Liberalizing land markets is not sufficient to assist the landless and smallholders gain access to land. To help them, several countries have initiated land banks (bancos hipocaterios, Fondo de Tierras in Guatemala) where the government accumulates land from the public domain, by legal confiscation of illegally appropriated lands (e.g., by recognized druglords in Colombia), state purchases of lands on the open market using public funds and by contracting special loans from international lending institutions, use of lands donated to the program by foreign governments and organizations, and expropriation in cases permitted by the Constitution. In other instances, land transactions between large and small farmers have been managed by NGOs. This is the case of the Penny Foundation and the Fondo Ecuatoriano Populorum Progressio in Ecuador (Navarro, Vallejo, and Villaverde, 1996). In all cases, the determinants of success of these schemes are (i) the price at which land can be acquired from large farmers and (ii) the cost of long term credit for buyers. The first is tricky when there are capital market distortions and public goods biases favoring large farmers and if land reform interventions in the land market put upward on the price of land. The second is usually costly given the high interest rates that currently prevail in Latin America, requiring an element of donation to beneficiaries. Land market-based land reforms are for this reason still in an experimental phase that will need close monitoring to establish conditions for success.

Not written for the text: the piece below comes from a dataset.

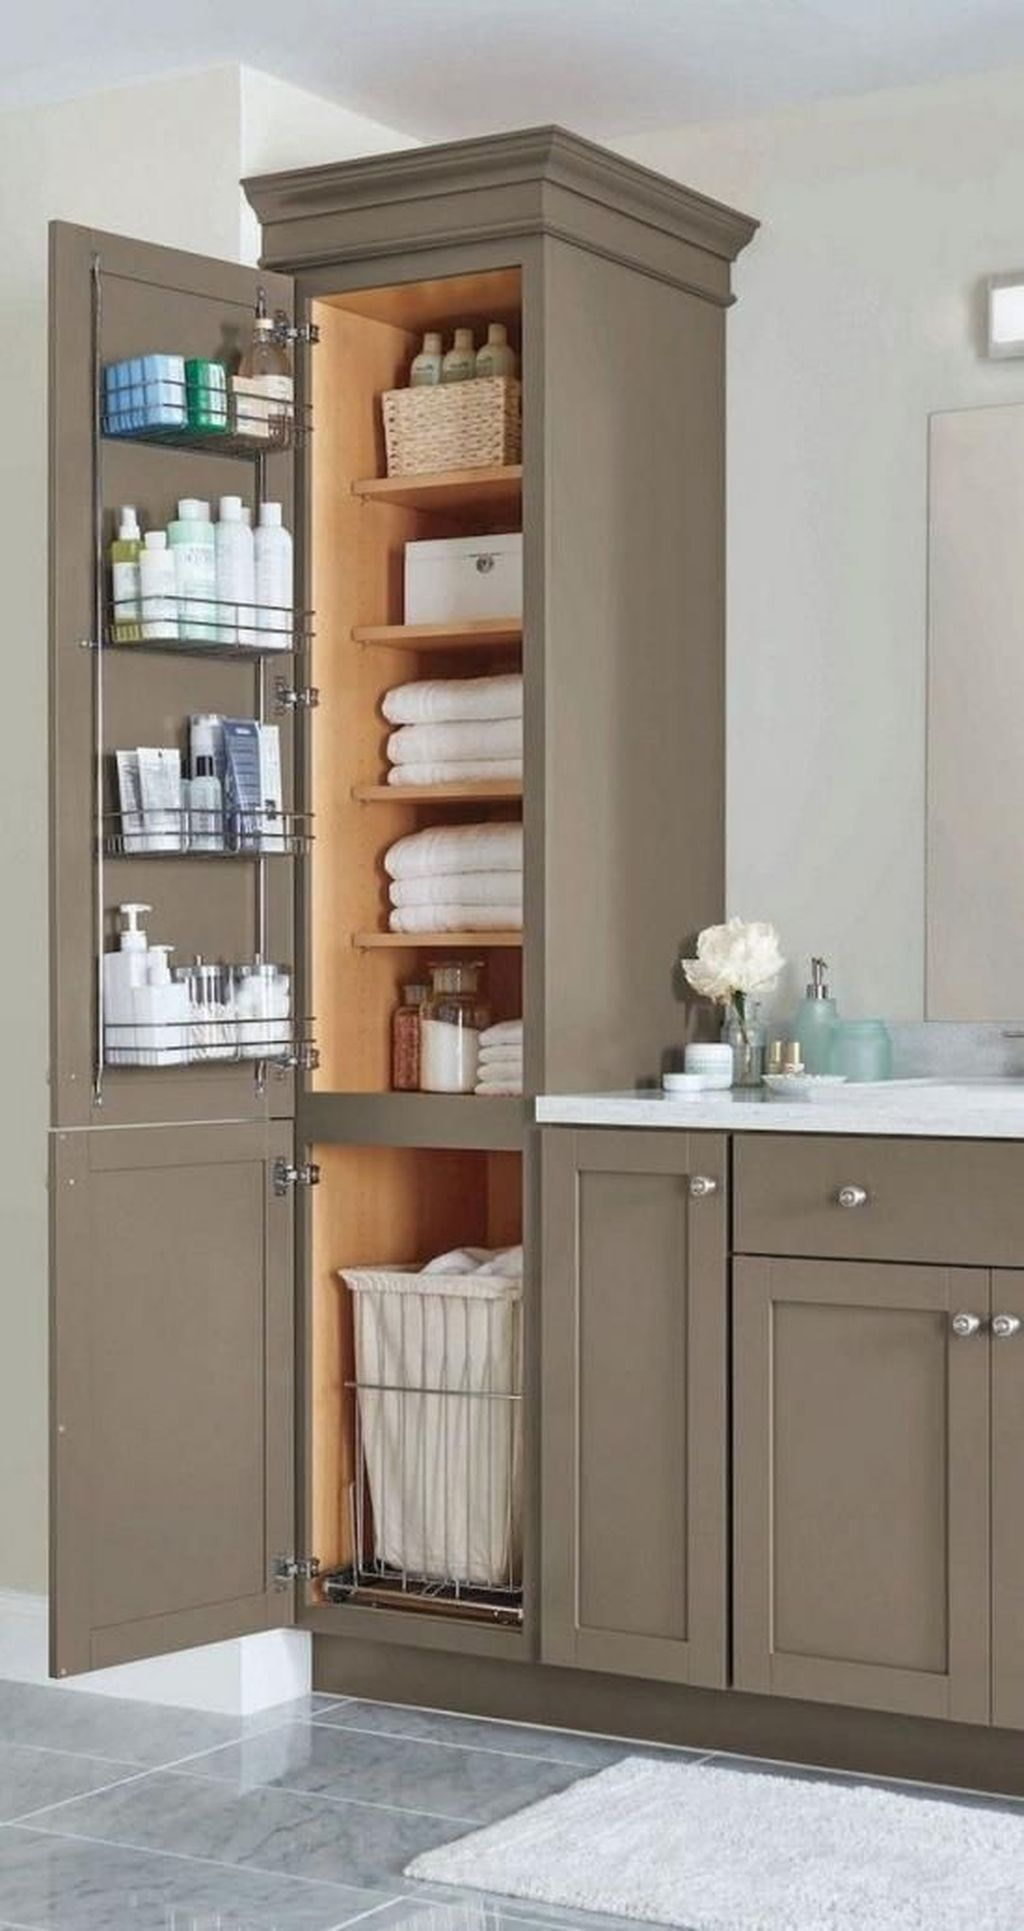 34 Amazing Modern Bathroom Storage Ideas You Must Have In 2020 Funky Bathroom Small Master Bathroom Bathroom Interior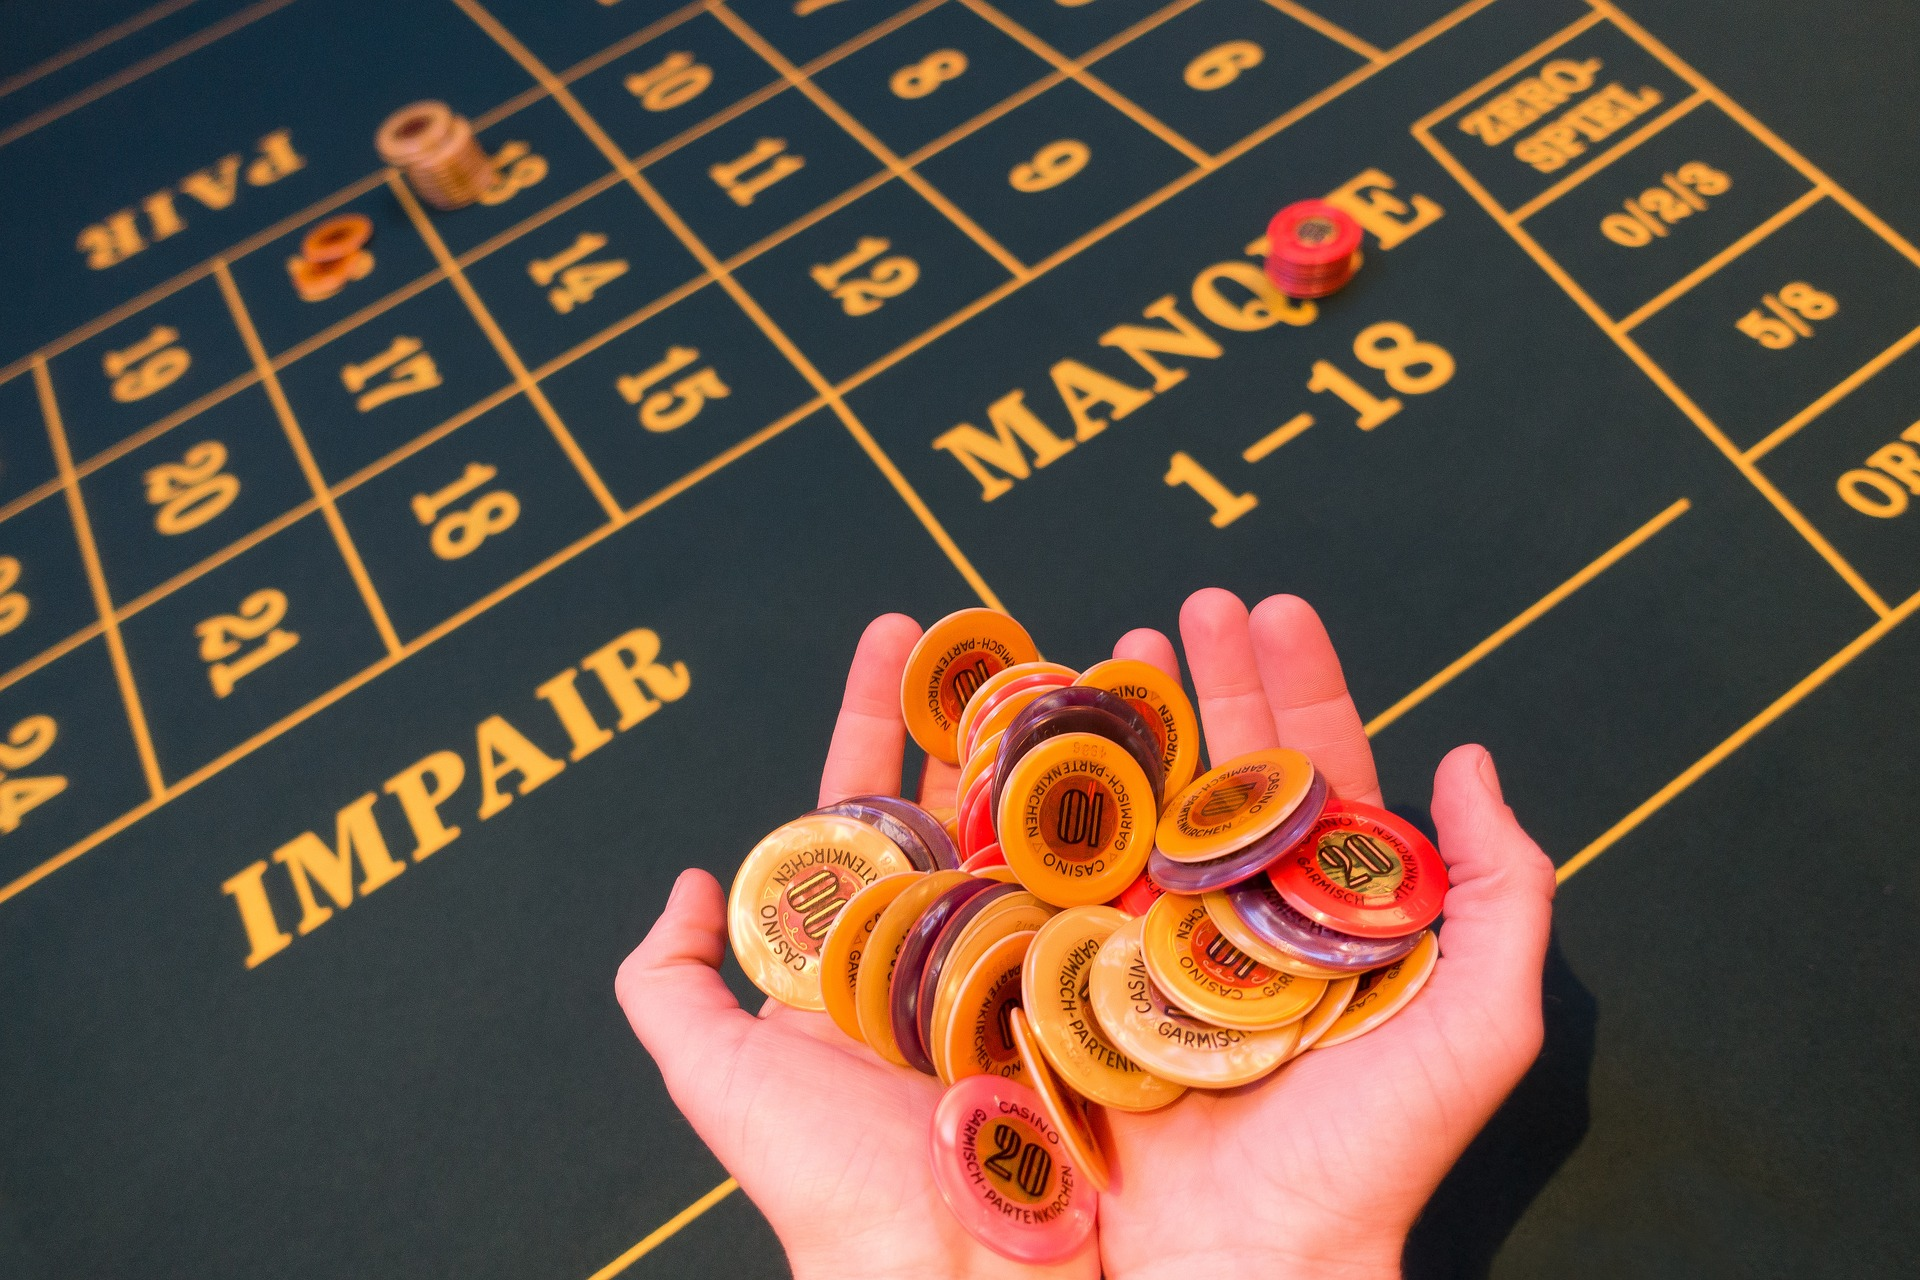 game-bank-1003148_1920

Land rental markets have in general been badly suppressed under the Latin American land reform initiatives as they were considered exploitative of peasant households, particularly sharecropping and rent in labor services arrangements that were once widespread throughout the continent. The new institutional economics has contributed to restoring at least the efficiency value of these contracts in a context of market failures. Sharecropping is a risk sharing device that may induce greater efficiency in resource use when insurance markets fail and both landlord and tenant are risk averse. When other markets such as for labor supervision and farm management also fail, sharecropping may be superior in efficiency to both wage labor contracts and fixed land rental contracts (Eswaran and Kotwal, 1985). Land rentals transactions may go from peasants to agroindustries, as in Peru and Mexico, when the latter have superior access to markets, and working adults in these peasant households may find themselves hired as wage workers on their own farms, cashing both a wage and a rent. When there is an inverse relation between total factor productivity and farm size due to the ability of smallholders to overcome moral hazards in labor efforts, it is in the best interest of large landholders to break their farms into small tenures, a practice that is typical of Asian agrarian relations. And for young tenants, when capital markets fail to deliver access to long term credit, future access to land may be achieved through an "agricultural ladder" where capital accumulation under rental arrangements eventually allows the subsequent purchase of land. Land rental contracts are thus locally efficient (i.e., from the standpoint of the landlord), even though equity implications depend on the relative bargaining power of the two parties. From a policy standpoint, making land rental markets more competitive and increasing the bargaining power of tenants are effective ways of reconciling the efficiency and equity gains that such markets can offer.